My mum doesn’t say anything, we just stare at each other. Not angrily, not frostily, but curiously, as though we’ve just met for the first time but look familiar.

‘I’m going to open that box of letters in the study now, Mum. I’ll work out how much you owe and call some of them up. Let’s see if I can get a handle on your financial situation.’ I walk to the door. ‘And if you’re making yourself a cup of tea, or thinking about a gin at any point—’

‘You’re very strong, Grace,’ my mum says quietly, and I may be wrong but I think I detect a note of admiration in her tone.

I look at her and smile.

‘I love you, Mum,’ I say.

She doesn’t say, ‘I love you, too,’ but she nods and looks at me as though I might not be as bad as she’d previously feared.

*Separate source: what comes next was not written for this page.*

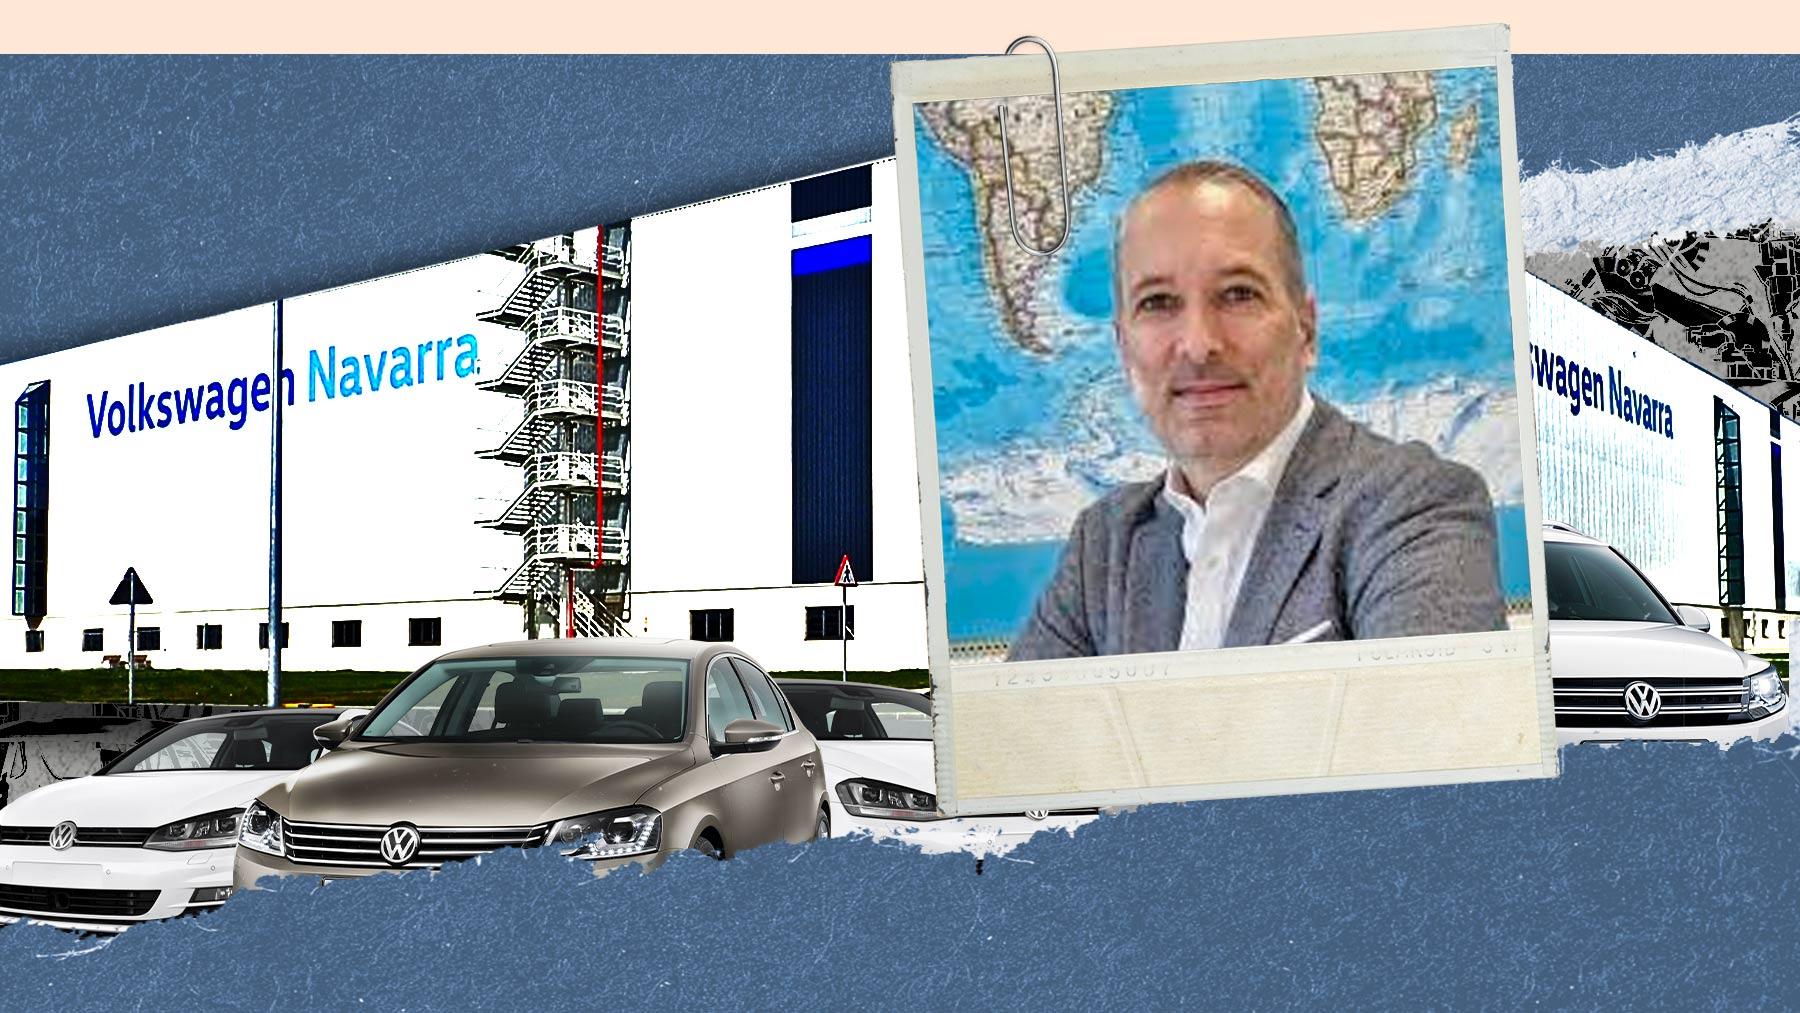 Markus Haupt, próximo presidente de Volkswagen Navarra

‘Oh, love, that’s your phone,’ she gestures towards my mobile, which is vibrating on the kitchen table. I pick it up. It’s a text from Danny:

 

Need to have a chat to Dad about something.

Getting a train to Wales. Got Monday off. Back late

Monday night. Call you later. XX

 

‘Everything all right?’ Mum asks as I pull a strange face. Danny never goes to his parents’ house without me. Why didn’t he call? Why tell me I’m not going to see him all weekend by text?

‘Yeah, yeah, everything’s fine. It’s just Dan,’ I say.

And as I walk into Dad’s study and turn the light on, I feel I might have turned a vital mother/daughter corner. Well, maybe not actually turned the corner, this is Gracie and Rosemary Flowers after all, but at least put the indicator on. It’s a start anyway. ‘You’re very strong, Grace,’ she said. It’s the nicest thing she’s said to me for so long. I wish I felt it, though. Instead I feel like an emotional liability at the moment. I must be due on.

Chapter 25
 
 

It feels so weird going out without Danny, even though I’m only at the pub. You’d think I’d be more comfortable as the pub’s my second home and most of the time that I’m here with Dan he’s either outside smoking or droning on to other blokes about football, but I have this strange feeling I’ve forgotten something. It could be my handbag or my knickers, but it’s actually my six-foot-three boyfriend. I’ve had a good evening, though. Wendy and I are sitting in the restaurant part of the Festering Carbuncle, where we treated ourselves to deep-fried Camembert because there’s nothing like deep fried cheese to start off a meal. We followed it with coq au vin. It’s an old recipe of Anton’s French grandmother’s, which is unbelievable and comes with mashed potato – after extensive research, I can comfortably say that their mash is the best in the world – then for afters we shared an apple and rhubarb crumble.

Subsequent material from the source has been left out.